To build the complete set of training materials:
bash build.sh
The output directory will contain all the generated PDF files and the PDF file called misp-training.pdf
which is the complete handout of all the slides.
Note: In case the rendering is somewhat broken, it might be related to latex using the styles installed systemwide in /usr/share/texlive/texmf-dist/tex/latex/beamertheme-focus
. Removing this directory will solve the problem.
Dependencies
XeLaTex, can be parametered in .tex header (works in TeXshop):
% !TEX TS-program = xelatex
% !TEX encoding = UTF-8 Unicode
License, Attribution and Funding
All the materials are dual-licensed under GNU Affero General Public License version 3 or later and the Creative Commons Attribution-ShareAlike 4.0 International. You can use either one of the licenses depending of your use case of the training materials.

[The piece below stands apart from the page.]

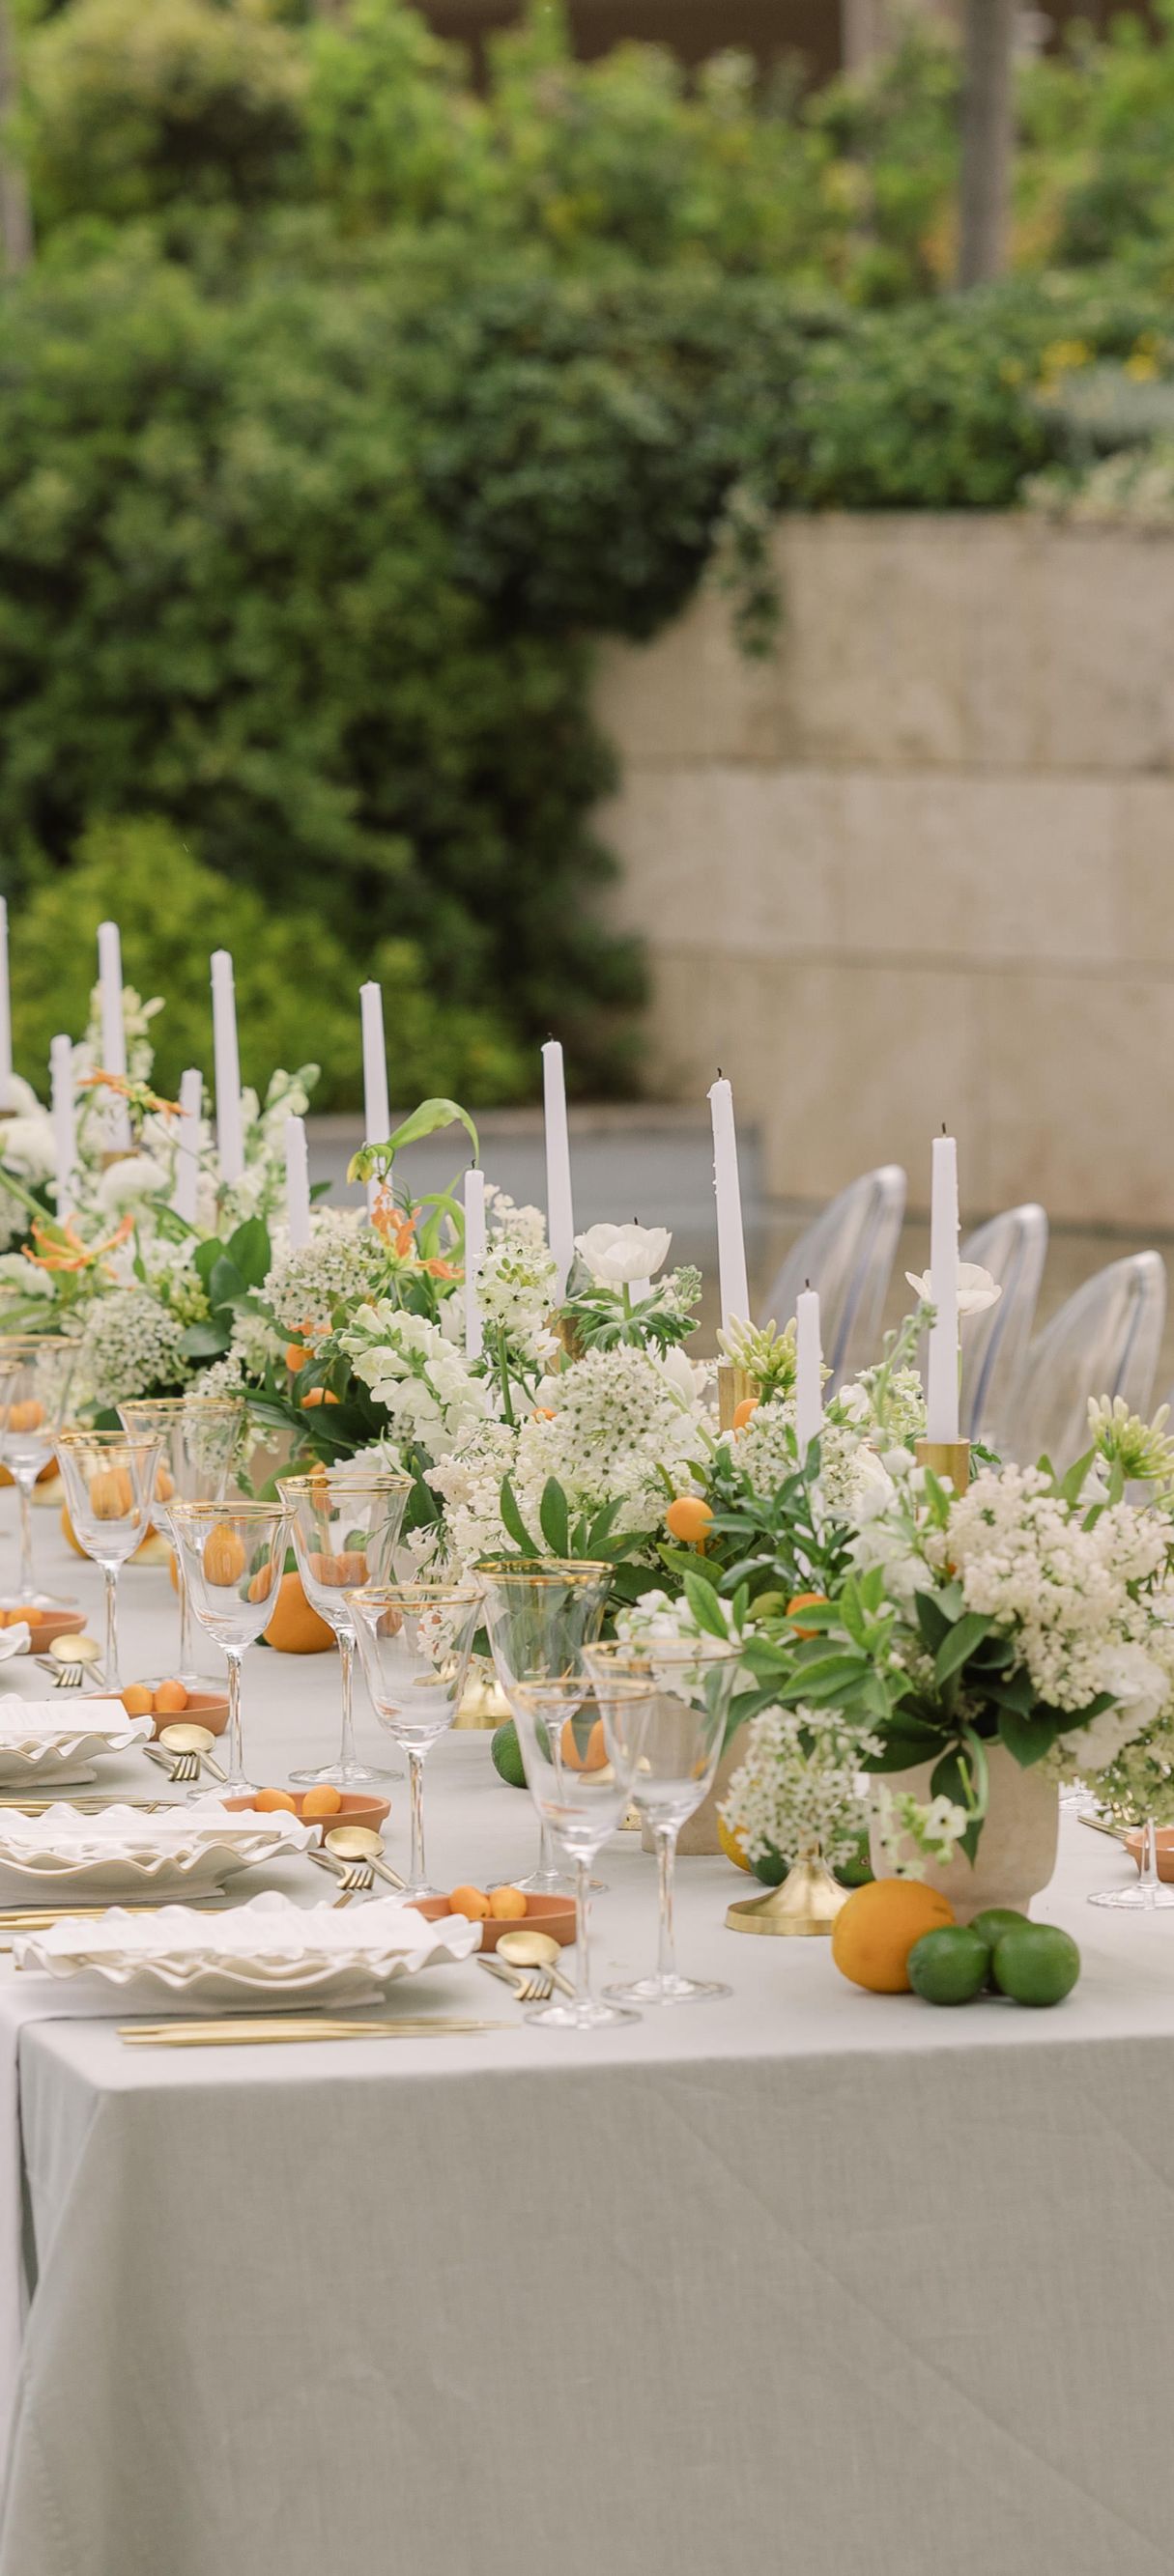 Outdoor wedding reception dinner table

The MISP project training materials are co-financed and supported by CIRCL Computer Incident Response Center Luxembourg and co-financed by a CEF (Connecting Europe Facility) funding under CEF-TC-2016-3 - Cyber Security as Improving MISP as building blocks for next-generation information sharing.
All the source code is available at https://www.github.com/MISP/misp-training.
If you reuse the training materials, don't forget to include the above for attribution.